Это моя безнравственность, и я собираюсь сделать в этом свободную
карьеру, смело, цинично - удивляя поверхностных людей, которые
считали меня чем-то вроде домашней добродетели, но не удивляя
других. те, кто привык читать между строк,
поймут, что то, что я пишу, - это то, о чем я пишу. сегодняшний день - лишь
логический, абсолютный, неумолимый результат того, что я писал вчера.

 *
 * *

И, прежде всего, несколько слов о самом деле, о том, что было названо,
с первого дня скандал в Тулоне. Ах, да, хорошенький скандал,
в активе которого гораздо меньше обвиняемых, чем судей, последняя
глупость правосудия, оплошность Фемиды, вот что!

Но действительно ли это оплошность? От него прямо-таки разит местью, провинциальной
местью, прогорклой и затхлой, с привкусом старой
девы и запахами раздраженного робина. Это выглядит безумно
месть касты вчерашнему могущественному противнику,
разрубание человека на части всеми фуриями судебной власти,
«хорошего общества»и морской администрации.

Ибо она есть, морская власть, она в самом разгаре. Г-
н Фуру находился под его командованием, а затем, освободившись, боролся со злоупотреблениями, о которых он
знал тем лучше, чем больше страдал от них.

Помните дело Джинайяка? Мэр поддержал население и
местные газеты в борьбе с высокомерным младшим лейтенантом - и
оказался прав. Очевидно, морское управление не могло отрицать очевидность
фактов, но оно было не в силах признать и
публично наказать проступки одного из своих подчиненных.

Наконец, мадам де Жонкьер - жена моряка, брюнет одного из
контр-адмирал. Морские власти были убеждены, что у этого выбора
не было иного мотива, кроме как насмехаться над ней, посягать на ее
коллективную супружескую честь.

Изучите это внимательно - никогда борьба между гражданским и
военным элементами не достигала такой подлой остроты, никогда
ни один избранный город не подвергался большей ненависти, не подстерегал большего количества
ловушек, не подрывался большим количеством цепких гвоздей, царапающих землю под его шагами.

Сначала прочтите сообщенные подробности - и так быстро! «М. Фуру был
республиканцем ... и даже продвинутым республиканцем ... он знал, как сдаться
популярный... портовые рабочие голосовали за него...» И т. Д. И т. Д.

Поверьте, в этом деле есть что-то еще, кроме того, что о нем
рассказывают. Кто осудил? Кто отдал немедленный приказ о возбуждении уголовного дела?
Разве сегодня мы не говорим о потрясениях, диверсиях,
прискорбных и отвратительных клеветах, которые не стоят на месте!

Настолько, что Ранк, Шарль Лоран и другие вынуждены
кричать «Тише!» и напомнить этим разгневанным людям о скромности.

Тулонский скандал, знаете ли вы, что это такое? ... Это роман
Мэлоти, написанный, как и _брат_ или _доктор Клоде_, в
чудовищный клубок провинциальных обид, сплетенный вокруг
человека и связывающий его, сковывающий, душащий.

 *
 * *

Обратите внимание, что я не признаю себя невиновным. Вполне
возможно, что г-н Фуру сделал то, в чем его обвиняют. А что потом? Неужели из
-за этого он хуже управлял своим городом?

Среди тех, кто будет в зале суда в тот день, когда он
перейдет к заседанию - если он вообще перейдет - будут как судьи, так и свидетели, как присяжные
заседатели, так и слушатели, включая судебных приставов и жандармов.
услышите более ста человек, которые будут идентичны в одном и том же случае.

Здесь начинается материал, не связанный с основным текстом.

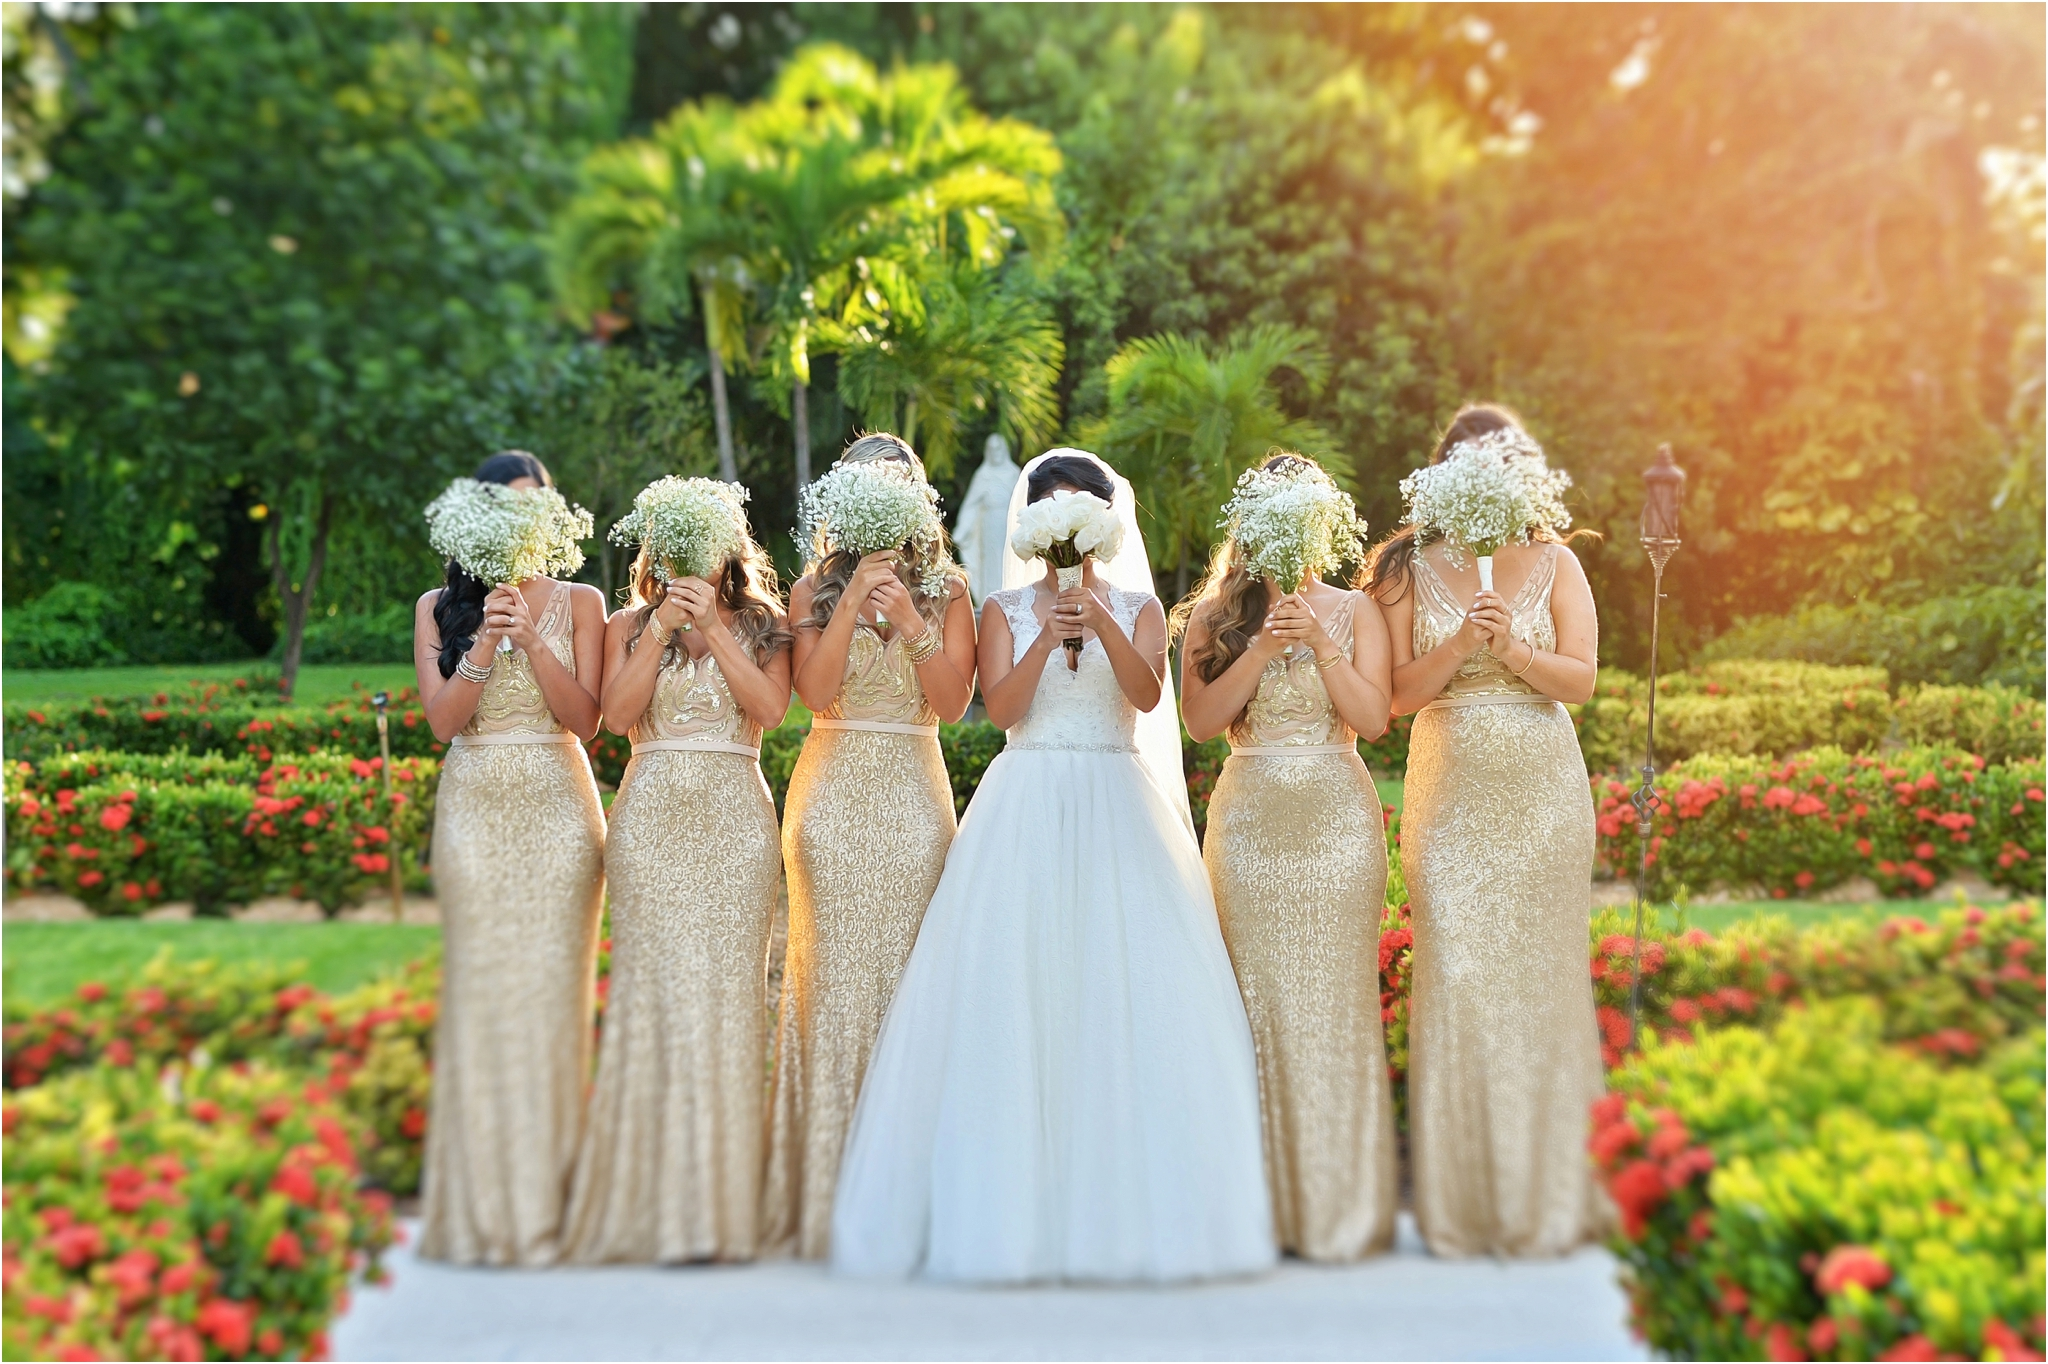 St-Francis-De-Sales-Wedding-Baro-Studios-Photography_0033.jpg
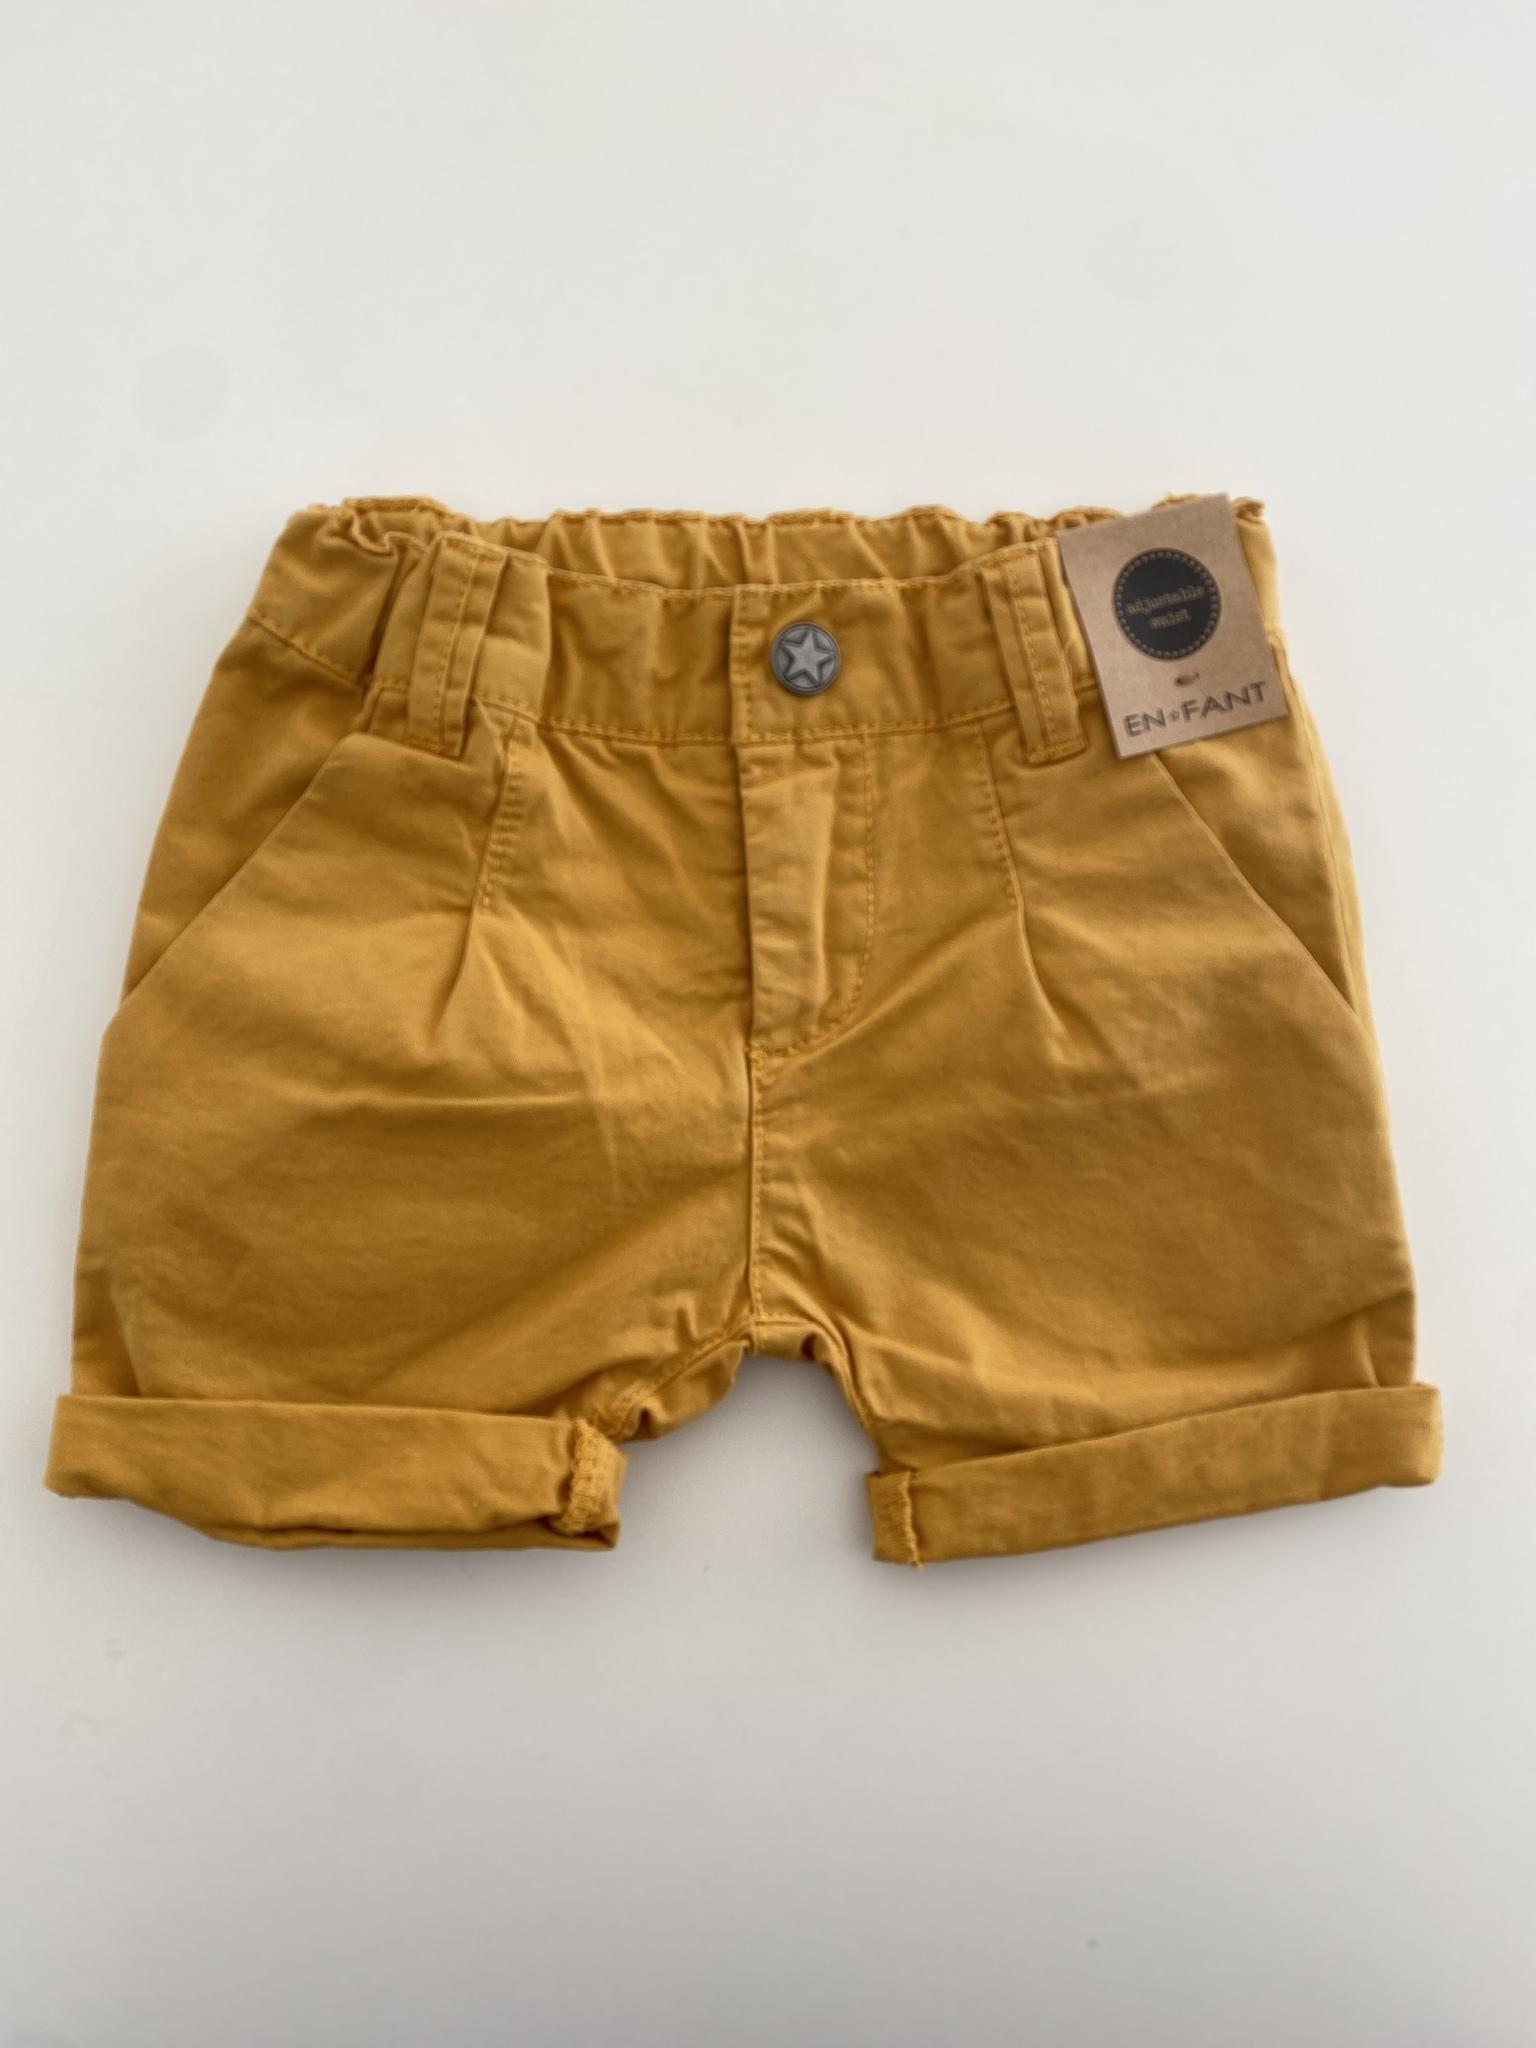 Shorts - Enfant

Аборт! Я бы хотел, чтобы мне сначала сказали, где и когда он
начнется? Я не привык, чтобы читатели
"Джил Блас" говорили им резкие вещи, но, по правде говоря, на этот раз мне стоит пожевать свои слова.

Так являются ли мужчины, которые паркуются после встречи, женщины, которые
немедленно сохраняют свои будущие сроки, абортерами?
По логике вещей, закон должен сказать "да". И еще абортарист, Онан,
злой человек, который сеял свою пшеницу в зародыше - что не помешало
кроме того, Израиль, чтобы прорасти и пожать плоды! Но в этом отношении
колледжи, пансионаты, казармы, монастыри, корабли, все
скопления подростков, мужчин и женщин, где
отдельные полы зовут друг друга и обманывают, являются фабриками абортов.

И в какой момент законен аборт,
а в какой нет? Церковь, по крайней мере, логична в своих запретах, в своей
защите; но Кодекс... ах! шутник!...

Как будто совесть - единственный закон в мире! - проводит эти
различия и прячется за этими уловками; как только существо имеет
брошенный на землю, такой маленький, такой хрупкий, такой трогательный в своем уродстве
и слабости, как только он испустил свой первый крик, взмахнул
наручниками, развязал петлицы, он жив, он свят!

Прежде всего, есть женщина - и только женщина, вы меня хорошо слышите!
Это настолько справедливо, что в случае тяжелых родов врачи
не колеблются: они спасают мать и оставляют ребенка на произвол судьбы!

Мы бы очень удивили их, этих, назвав абортистами!

-- Но репопуляция?... - говорят экономисты.

Репопуляция, жалкие лицемеры, при чем здесь репопуляция
там... и как ты смеешь произносить это слово?

Репопуляция! Что же тогда делать с многочисленными семьями,
«зажиточными» десятью, двенадцатью горчицами, которые в вашем социальном государстве не
могут найти ни еды, ни даже жилья? Мой коллега
Монторгейль, на днях возглавлявший_эклер_, сообщил об одном из этих
фактов, вызвавших общественное возмущение? Послушайте это.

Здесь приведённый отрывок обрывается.